> [ACTIVITY]
Retype only the lines below from the one with "ikea kalkgrund toilettenpapierhalter" to the one with "Eiendom har ferdigstilt", inclusive, skipping every image.

> [SOURCE MATERIAL]

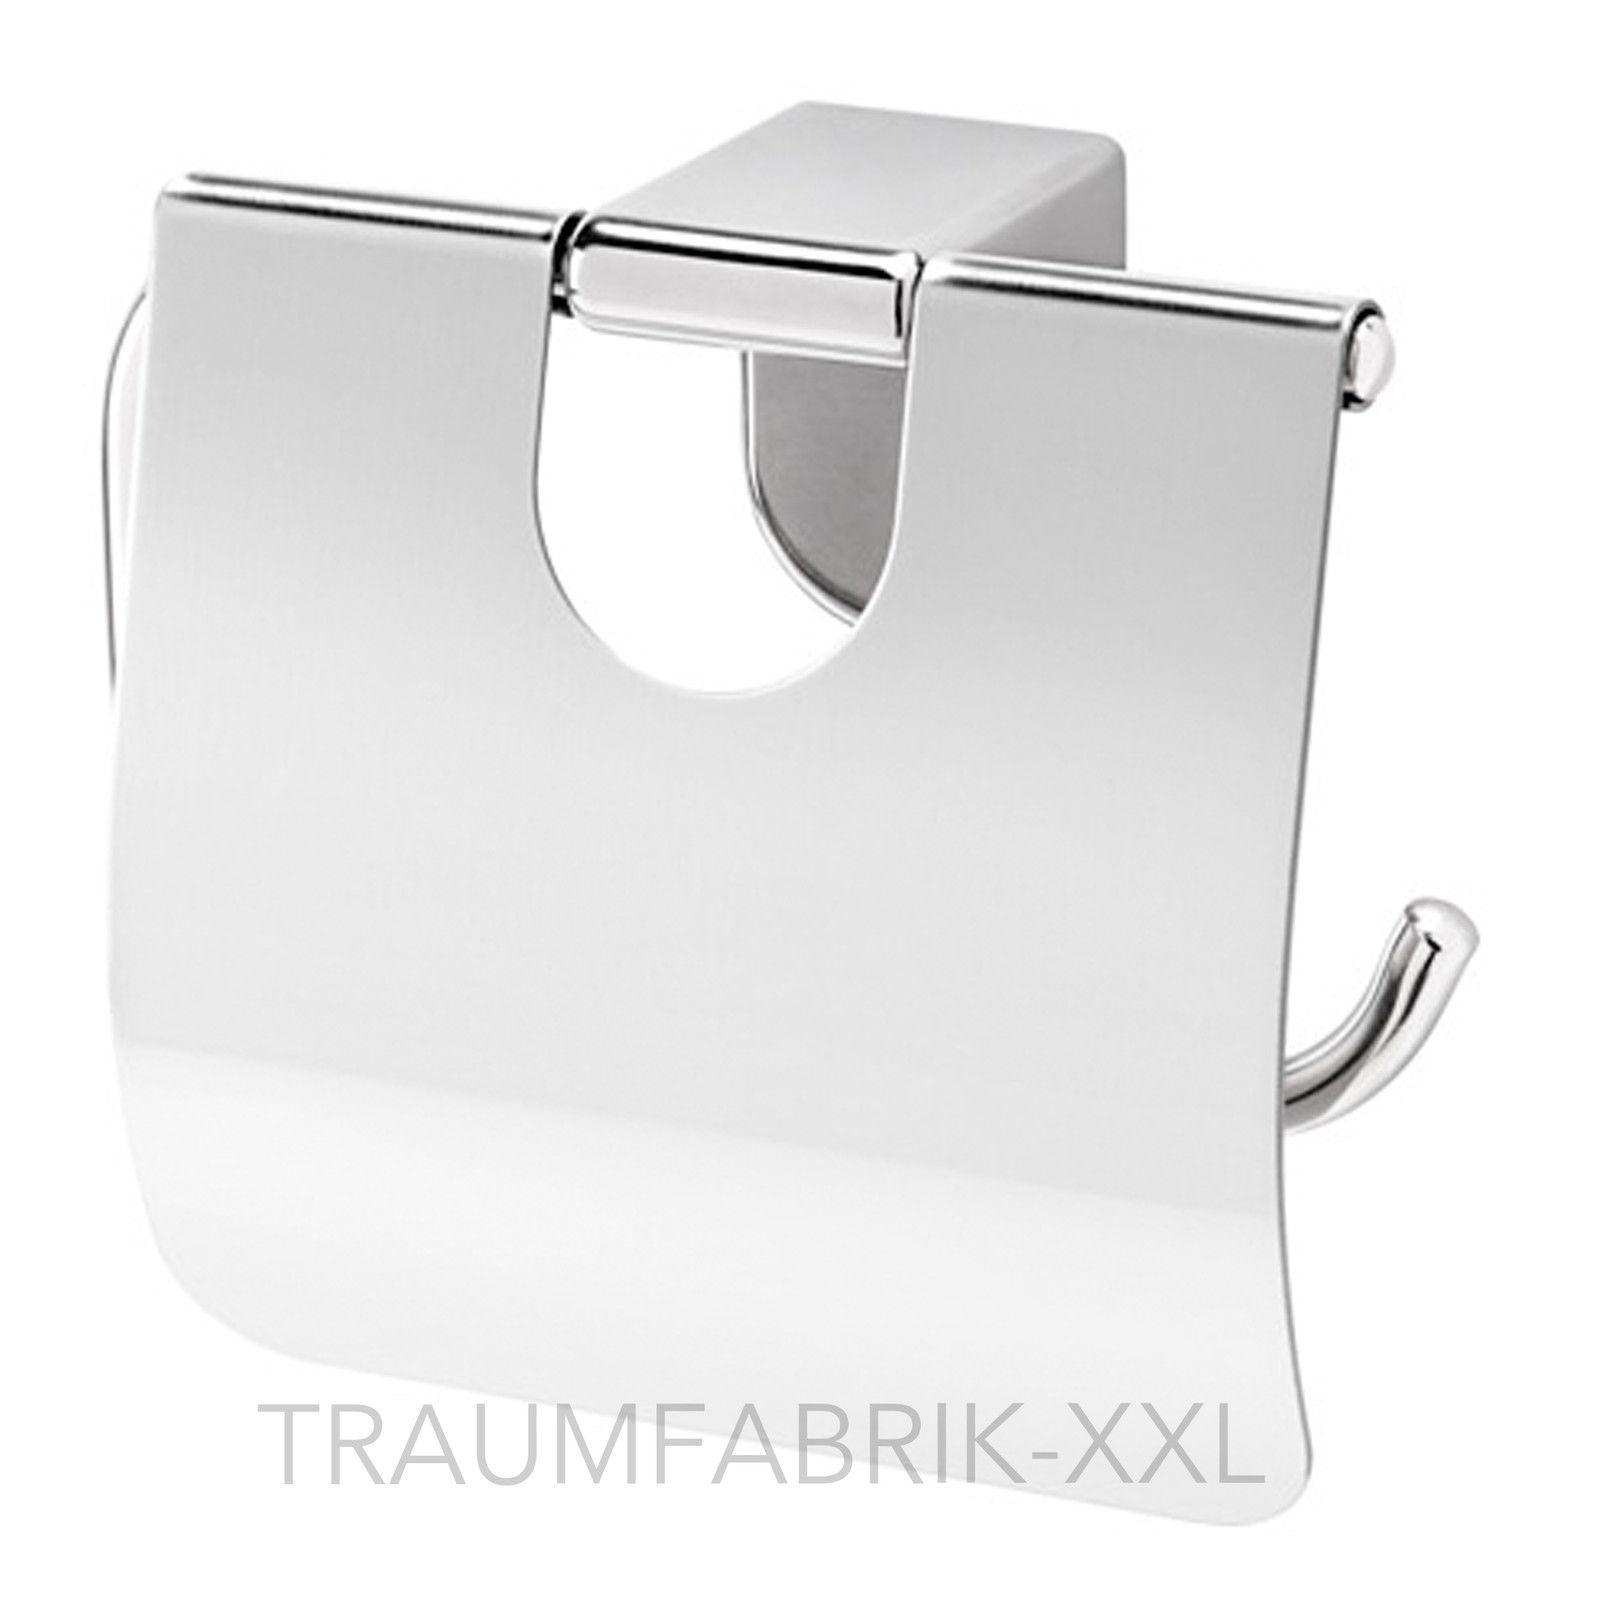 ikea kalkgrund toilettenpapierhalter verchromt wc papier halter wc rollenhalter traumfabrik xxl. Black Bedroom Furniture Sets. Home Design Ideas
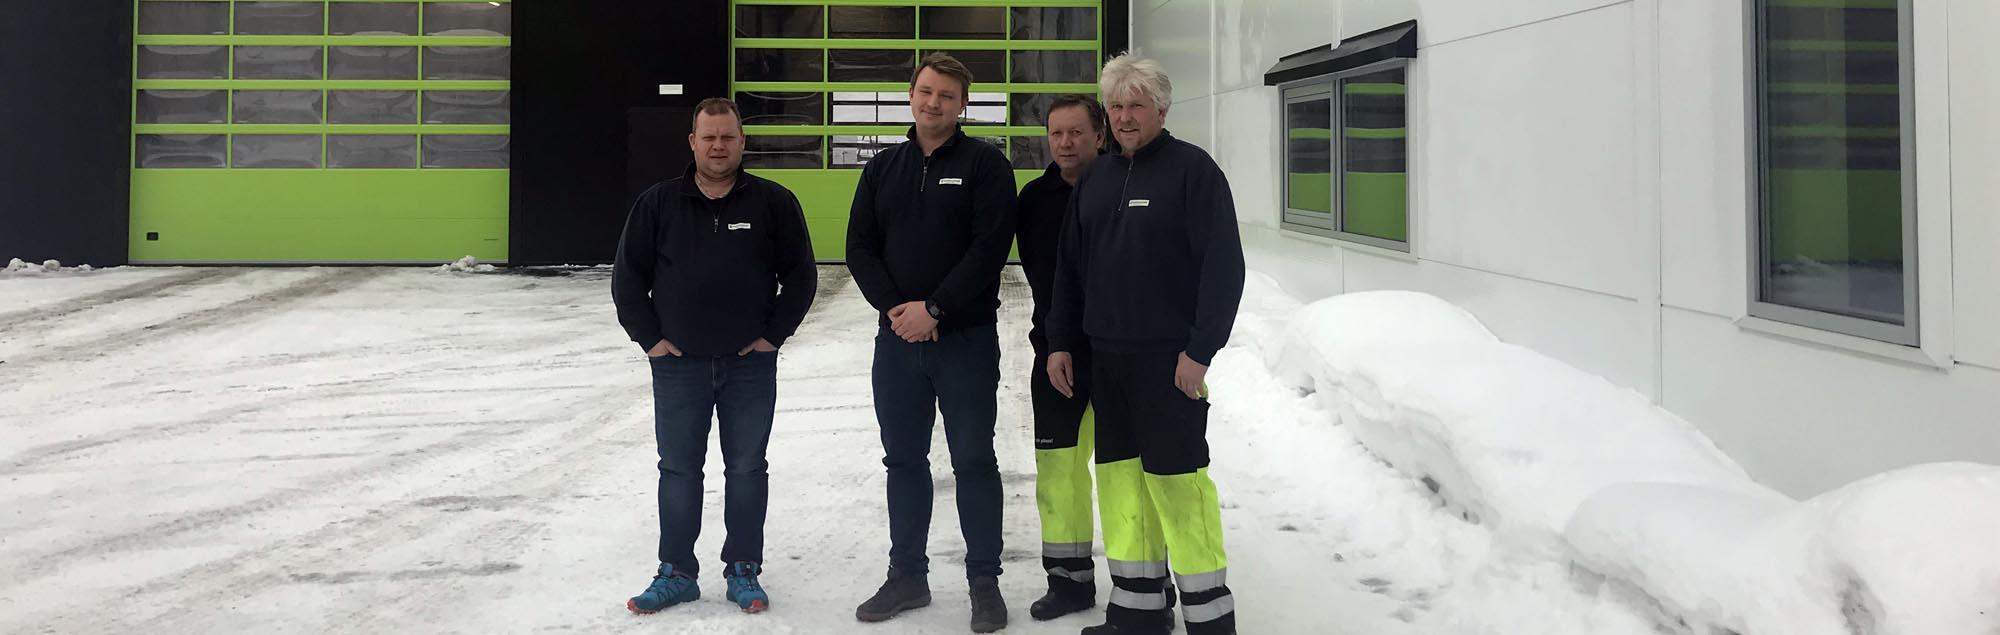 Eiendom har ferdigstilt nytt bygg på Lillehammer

...

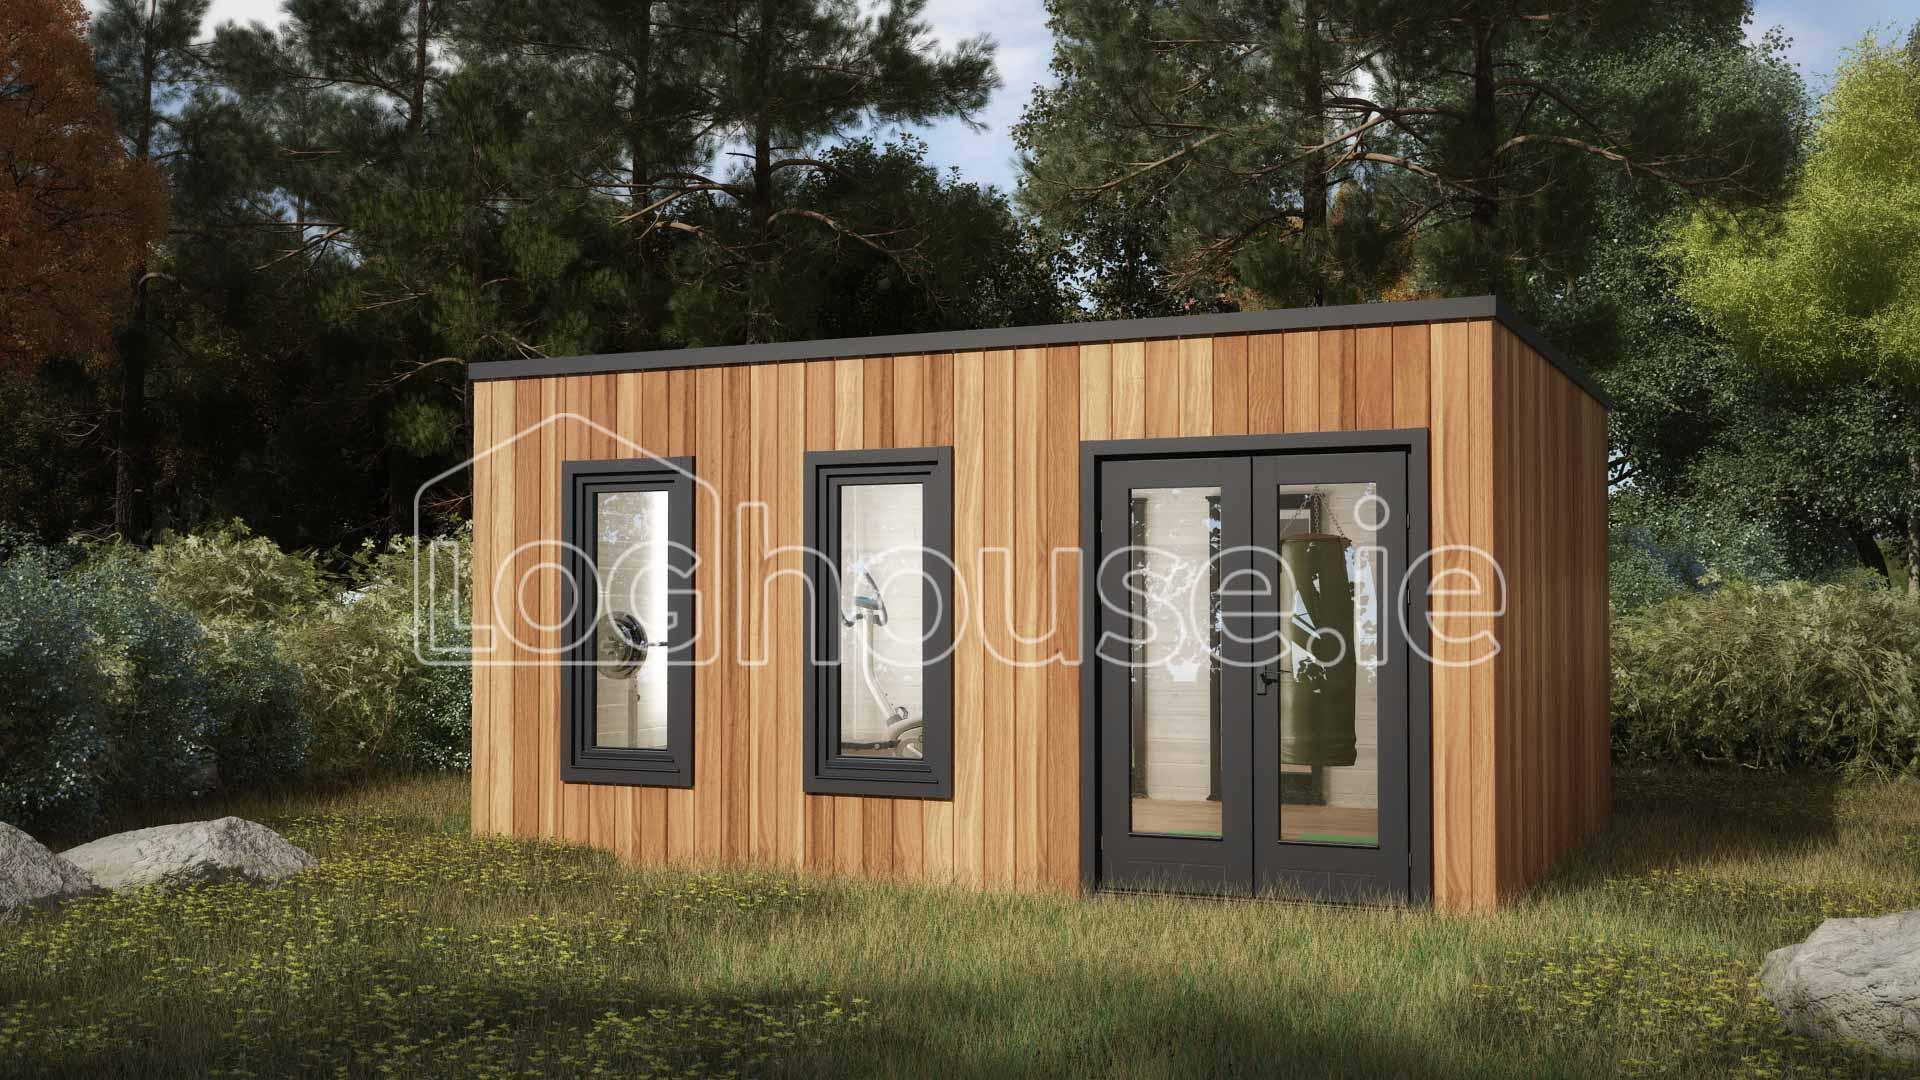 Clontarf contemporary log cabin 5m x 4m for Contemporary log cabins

> [RESULT FOR THIS EXERCISE]
 ikea kalkgrund toilettenpapierhalter verchromt wc papier halter wc rollenhalter traumfabrik xxl. Black Bedroom Furniture Sets. Home Design Ideas
 Eiendom har ferdigstilt nytt bygg på Lillehammer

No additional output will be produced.